It’s gratifying to see GHashTable faring not-too-badly against an assortment of other hash table implementations in Nick Welch’s excellent benchmarks. I did some work on this previously, but there’s at least one thing that can still be done to reduce its memory footprint on 64-bit architectures. The table is a big array of structs that look like this:
The key_hash is useful, as it lets us skip over mismatches and resize the hash table quickly - and on a 32-bit arch, it adds only 4 bytes to every entry, for a total of 12 bytes. However, on a 64-bit arch, it causes entries to be padded so that each entry starts on a multiple of 8 bytes. That wastefulness can be remedied by packing key_hash values in a separate array - as a bonus, entry size becomes a power of two, which means offsets into the array can be calculated using a single shift. On the downside, we’ll incur the added overhead of maintaining two arrays and accessing an extra cache line for each lookup. I suspect it’s still worth it, though.
A couple of open questions/comments on the benchmarks themselves:
- Google’s dense_hash_map is suspiciously fast at integer deletion - is it shrinking the hash table at all, re-inserting the remaining items as it should? Or does it have some other trick up its sleeve?
- How robust are the different strategies with respect to poorly distributed keys? E.g. N*2^M spaced integers: 1024, 2048, 3072, 4096, etc.

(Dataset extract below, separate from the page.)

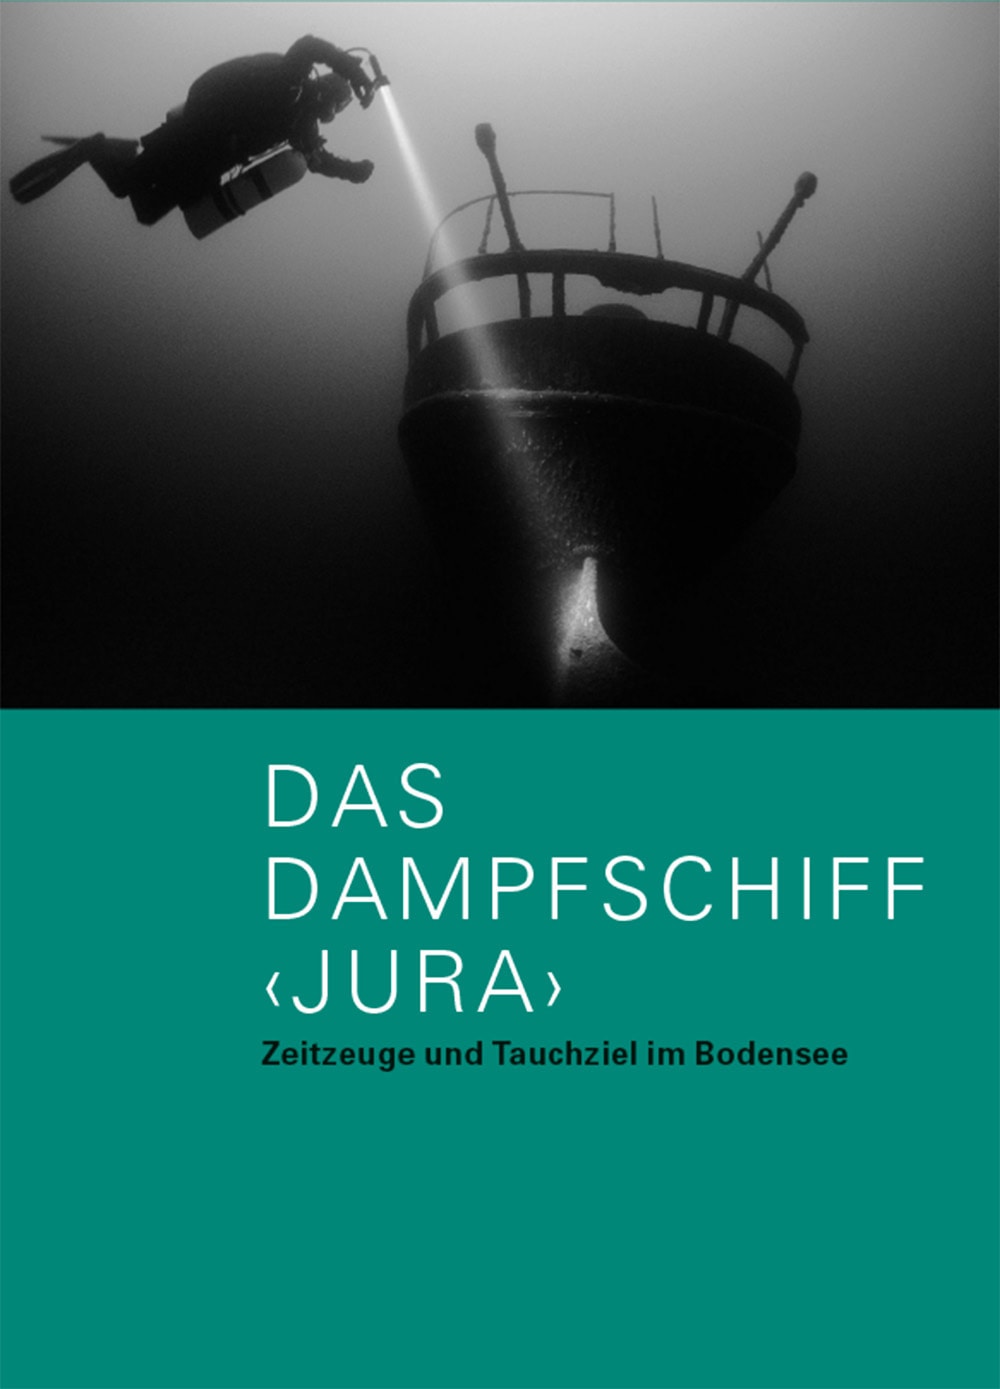 Titelseite der Publikation "Das Dampfschiff Jura"

- How about poor hash functions supplied by the API user? GHashTable attempts to tackle this by calculating the initial array index modulo a prime number, before applying a quadratic modulo on subsequent probes (faster, and required for quadratic probing).
- What’s the per-table overhead? How much memory will, say, some 100.000 tables with <100 items each consume? This is not uncommon in practice - nested hashes are often used to store complex properties, and given suitably large working sets, this can become a significant factor for some programs.
- Are the approaches affected by memory fragmentation? Do they cause it? This is hard to measure; maybe many tables could be grown simultaneously in the same address space.